Omega, which is what we'll be using to demonstrate later on, expects a database named default. Create a directory to hold the database files with the following command. We also want to change the ownership so we do not have to index the files as the root user. Change joeuser to your user name.

sudo mkdir -p /var/lib/xapian-omega/data/default
sudo chown joeuser /var/lib/xapian-omega/data/default
sudo chmod 755 /var/lib/xapian-omega/data/default

First let's talk about fields. With Xapian, we can break a document up into multiple fields. This then lets us restrict searches by asking for documents only containing search terms in a specific field. For instance we could ask for documents for a specific date, where the author's name field contains “John” and the title contains “spandex” and the body of the text (just another field, really) contains “ripples”. There is no practical limit to the number of fields but common sense dictates there will be a small number of interesting fields in any document set. Definition of the fields is entirely up to you. You only have to specify one field if you wish.

Another special kind of field is the boolean field. This one is used to hold a finite (and usually predictable) set of data. The use of boolean fields to subdivide your data is more efficient than general searches. Examples of these fields could be a field for gender (M or F), or a military rank or an auto make (Ford, Fiat, Mercedes, etc). When searching you can easily limit your search to the documents with a single or even a set of boolean field specifications. For instance you may want to only search for articles written by women, or only documents that relate in some way to Generals, Admirals and Majors.

Since we are going to be using scriptindex to do the indexing, we do have to tell it about the data we are going to send it. We will specify two files to scriptindex, an index file with field information and a data file with the actual field data.

The index file we will use for this example is as follows:

url : field boolean=Q unique=Q
body : index
title: field=title index=S value=0
date: field=date date=yyyymmdd index=D value=1
author: field index=A value=2
translator: field index=XTRANS value=3

The first line describes the field, url, it is a boolean field and will be unique. This field will hold a reference to the document so when we do the search we will be able to create a reference to the file to pass on to the browser. The keyword "field" in that line indicates that the value is stored in the database. The Q from the boolean=Q is a prefix. The set of single letter prefixes is reserved by Omega and described in detail in the termprefixes.html file found in the docs directory for Omega.

The second line describes the field, body. This is the entire document and will be indexed but not stored in the database, i. e. no "field" keyword.

The third line describes the field, title. The title will be stored and the index terms will be identified as belonging to the title.

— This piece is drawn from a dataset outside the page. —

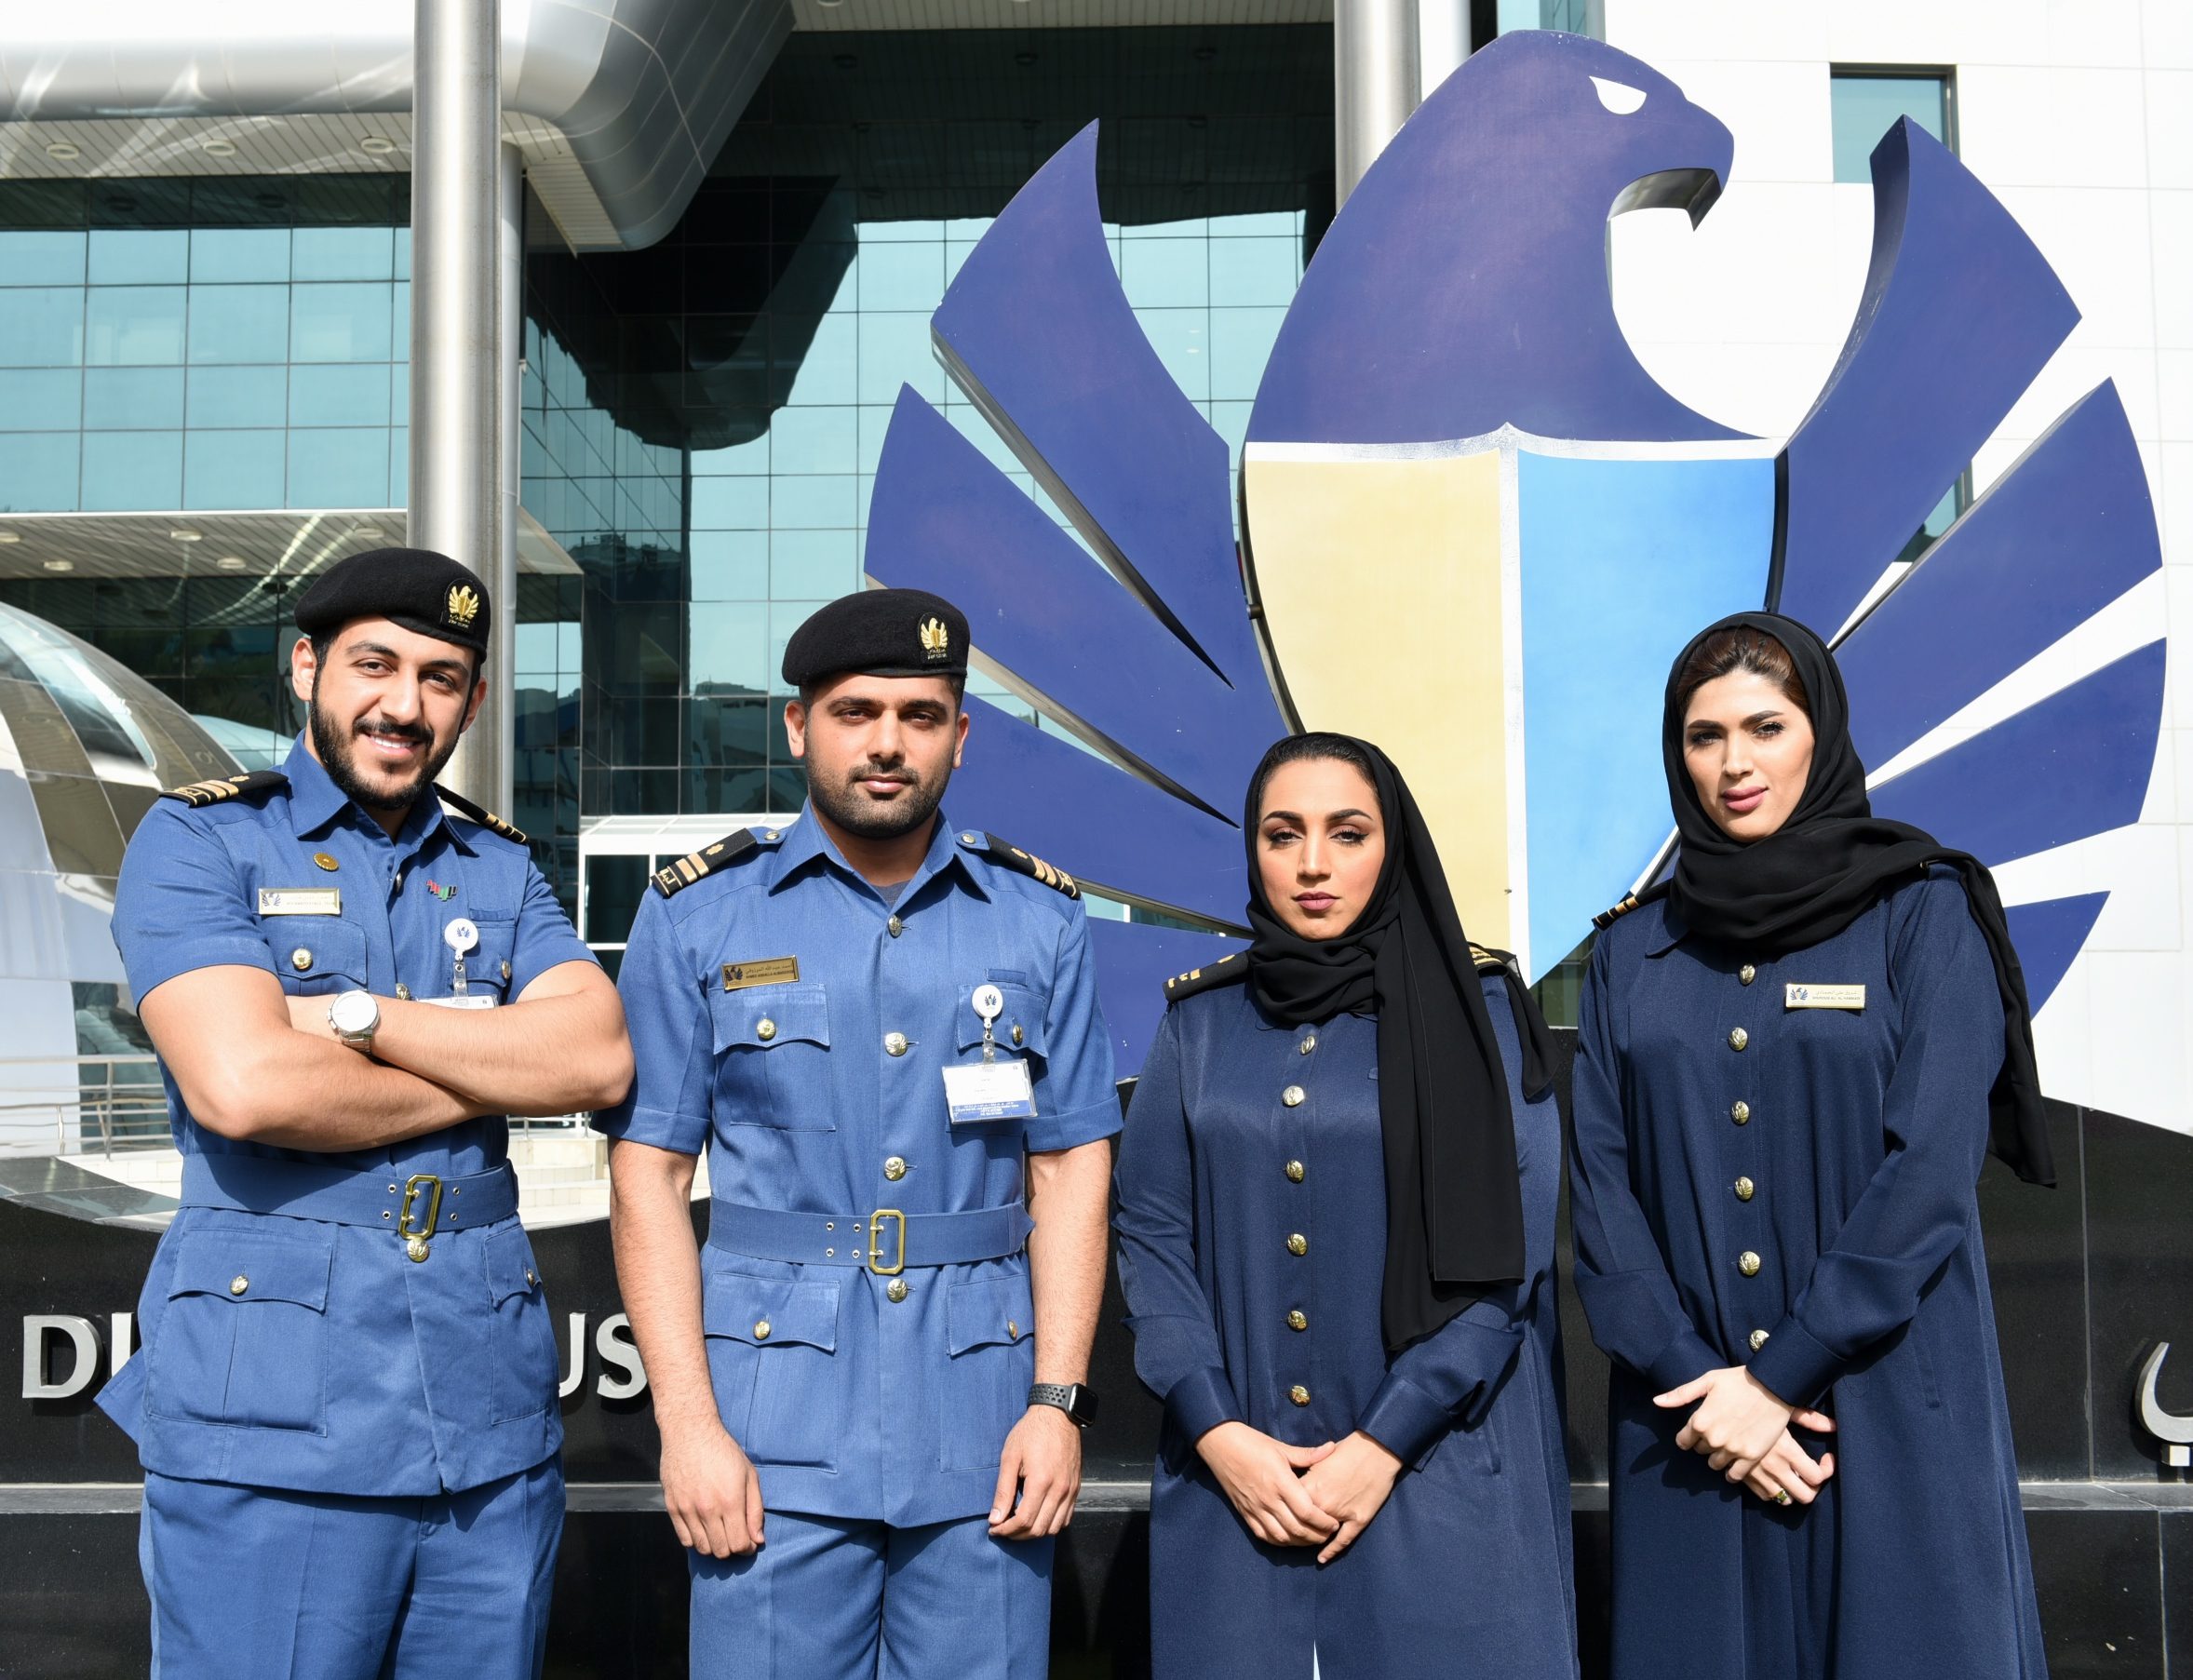 Dubai Customs Jobs - New Vacancies in Dubai Customs
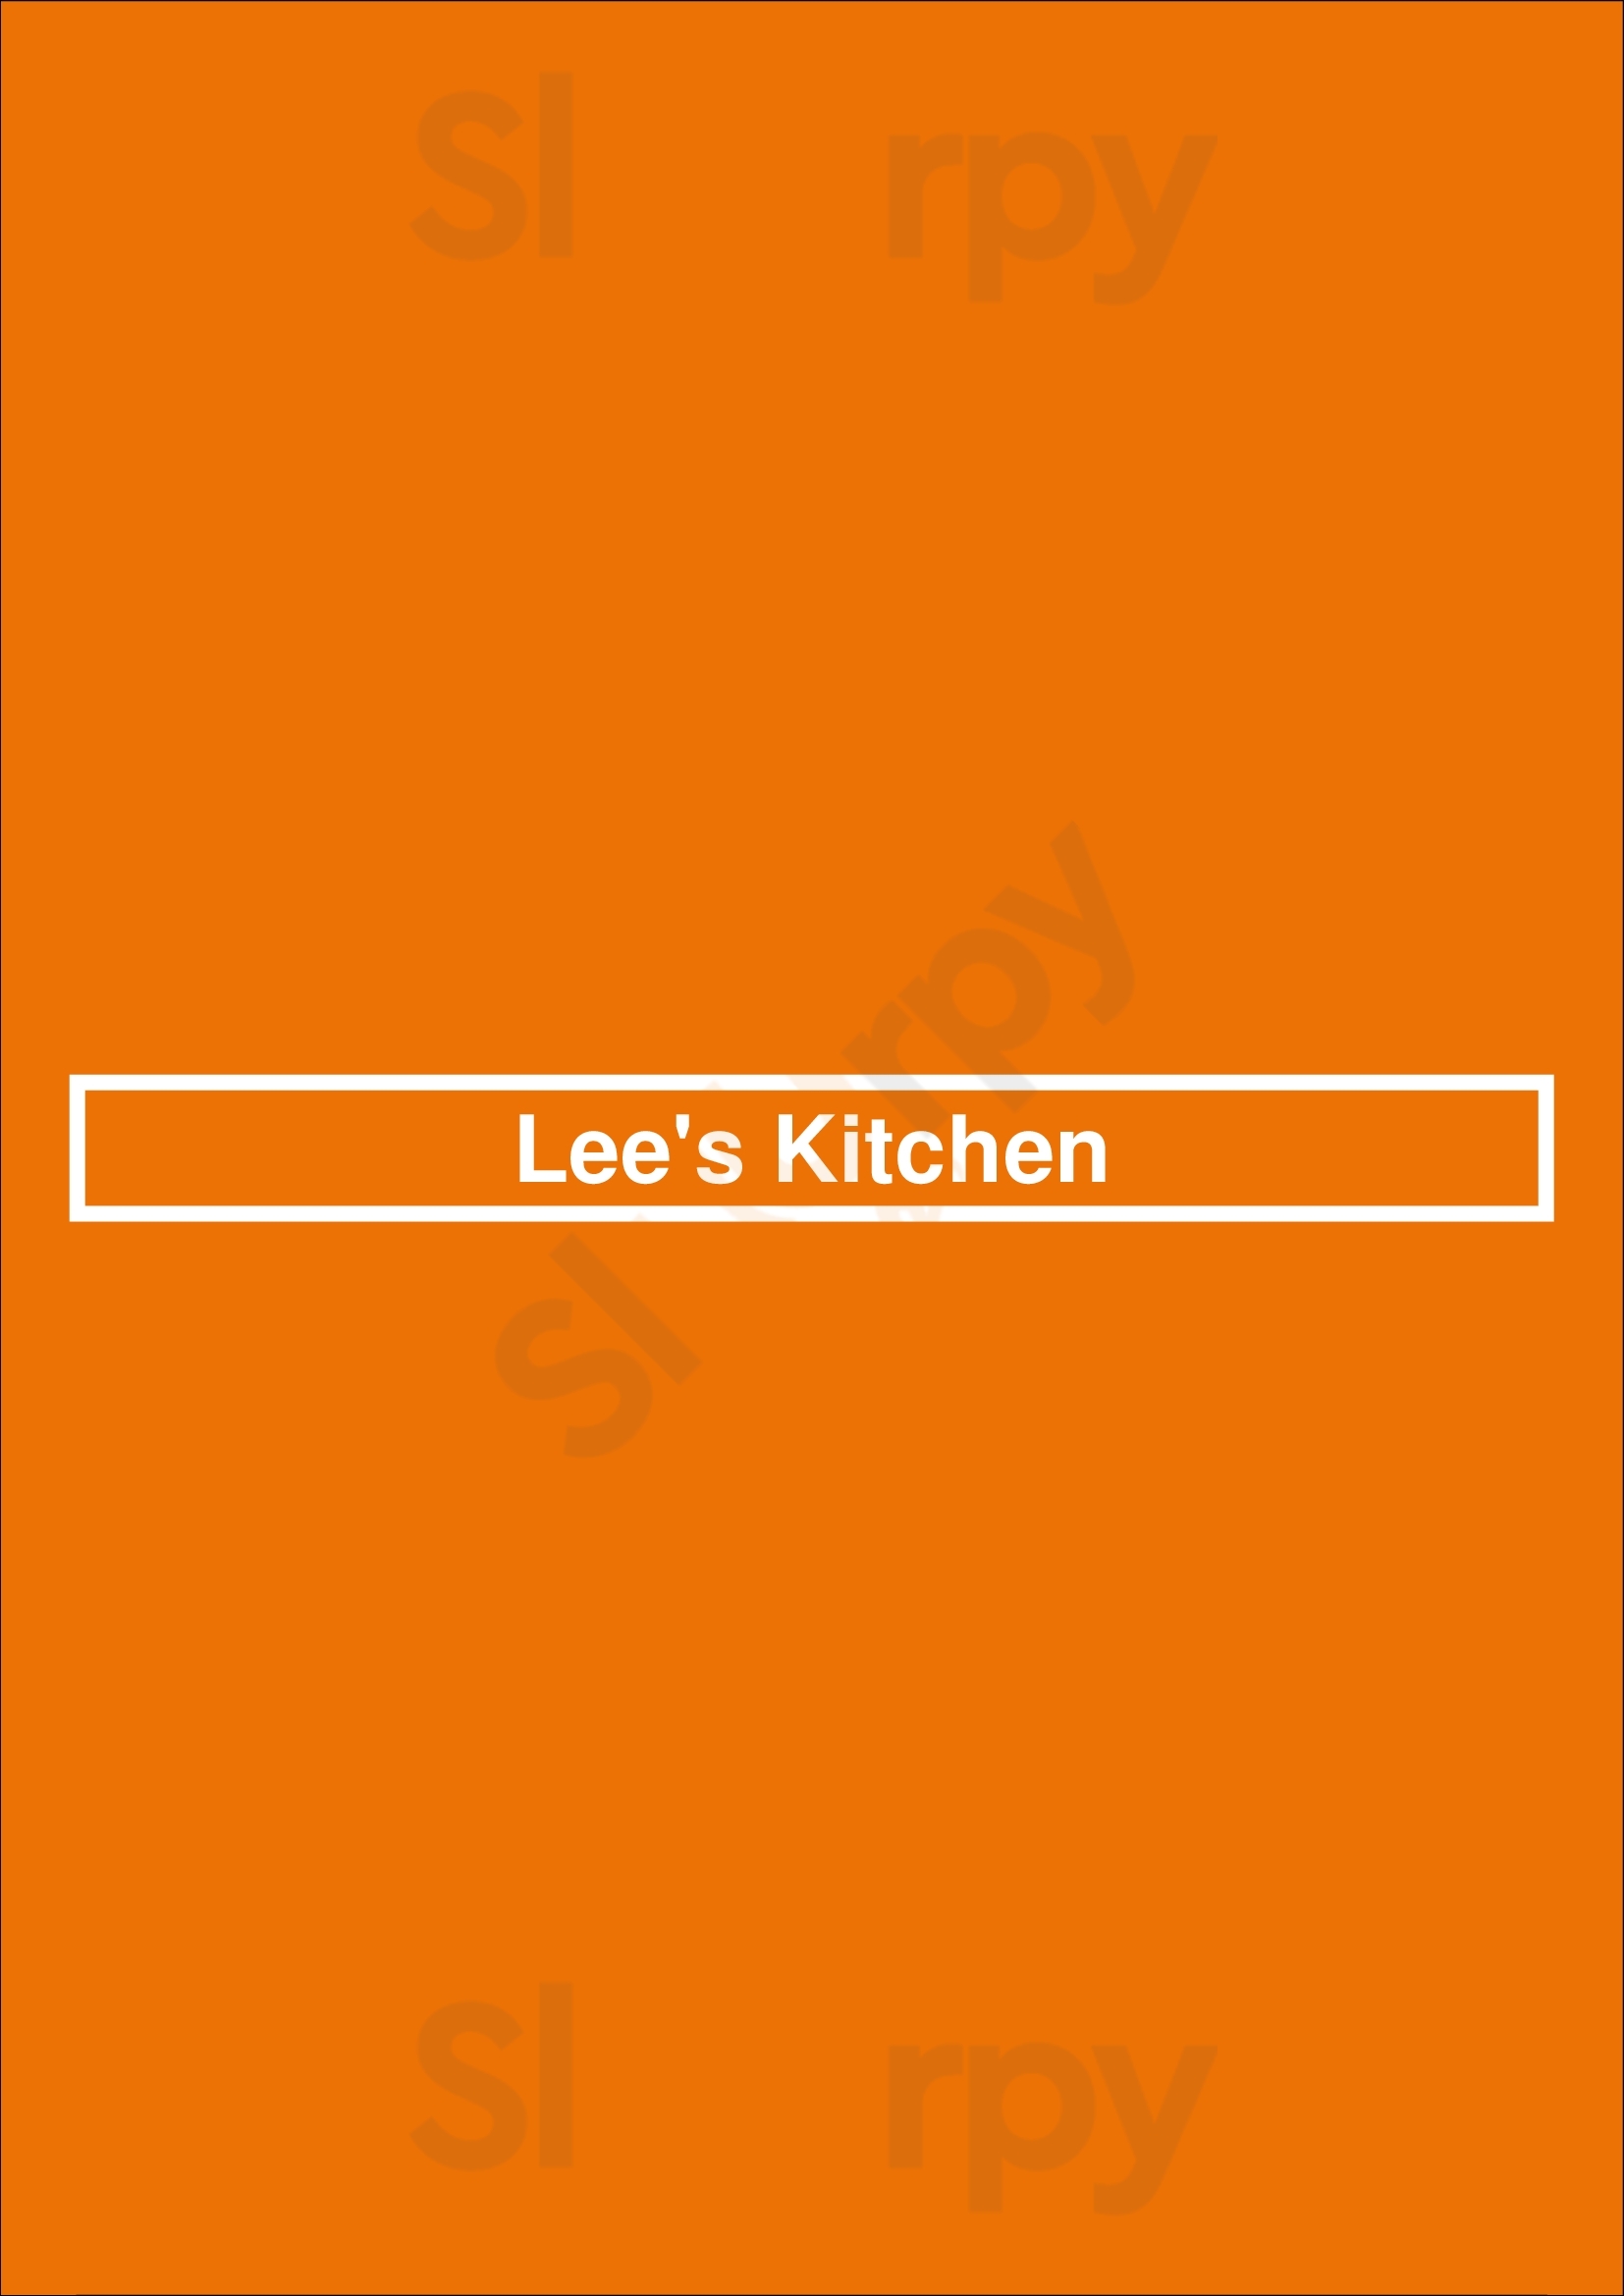 Lee's Kitchen San Antonio Menu - 1

The other lines describe the remaining fields and have the same attributes as the title. More information about the format of this file can be found in scriptindex.html.

Now we're ready to index, but first let's look at the perl file we'll use to index the files, Oindex.pl. This perl script is expecting to find a list of file names on the command line.

foreach my $file (@ARGV) {
    open DB, $file;

Here we will process each file on the command line, in the array @ARGV, and open each. The first line of each of the text files is formatted like this:

DATE|AUTHOR|TRANSLATOR|TITLE

For convenience I added these lines. In real life, it may be a bit harder to extract the necessary fields from the document. The date field is bogus. I just generated a random date just so we would have a date field to demonstrate with. I'm sure neither Plato or Aristotle was around to write on those dates. The other fields are from the document and should be accurate. Here is a sample first line from one of the files:

20020516|Aristotle|A. S. L. Farquharson|ON THE MOTION OF ANIMALS

We'll split that line with the following perl code:

# $string now looks like DATE|AUTHOR|TRANSLATOR|TITLE
my ($date, $author, $tauthor, $title) = split(/\|/, $string);
$indexDocument .= "title=$title\n";
$indexDocument .= "author=$author\n";
$indexDocument .= "translator=$tauthor\n";
$indexDocument .= "date=$date\n";
$indexDocument .= "body=";

What we are doing here is starting to build the data file for scriptindex. The data file is comprised of a set of field definitions. Each definition starts with the name of the field followed by the field data separated by an = sign. If the data is longer than a single line, then the successive data lines must start with an = sign. Here is sample data:

url=/phil/aristotle-categories-79.txt
title=CATEGORIES
author=Aristotle
translator=E. M. Edghill
date=20041204
body=350 BC
=CATEGORIES
=by Aristotle
=translated by E. M. Edghill
=1
=Things are said to be named 'equivocally' when, though they have a
=common name, the definition corresponding with the name differs for
=each. Thus, a real man and a figure in a picture can both lay claim to
=the name 'animal'; yet these are equivocally so named, for, though
...

Scriptindex will process multiple data sets (data from multiple files) but each has to be separated by a single blank line. The variable $indexDocument will contain data from all the files we index. Scriptindex reads this data from a file, so we must write it to a file and then call scriptindex to process it. The next few lines show that happening:

open OUT, ">/tmp/tmp.dmp";
print OUT $indexDocument;
close OUT;
# Execute the scriptindex program. If you have placed scriptindex or the
# database somewhere else, be sure to adjust the next line.
# if you have installed from source, scriptindex will be located in the 
# /usr/local/bin directory

my $cmd ="/usr/bin/scriptindex /var/lib/xapian-omega/data/default ./test.index /tmp/tmp.dmp";
print `$cmd`;

For those of you unfamiliar with perl, the back ticks (`) cause the execution of the command in the variable $cmd.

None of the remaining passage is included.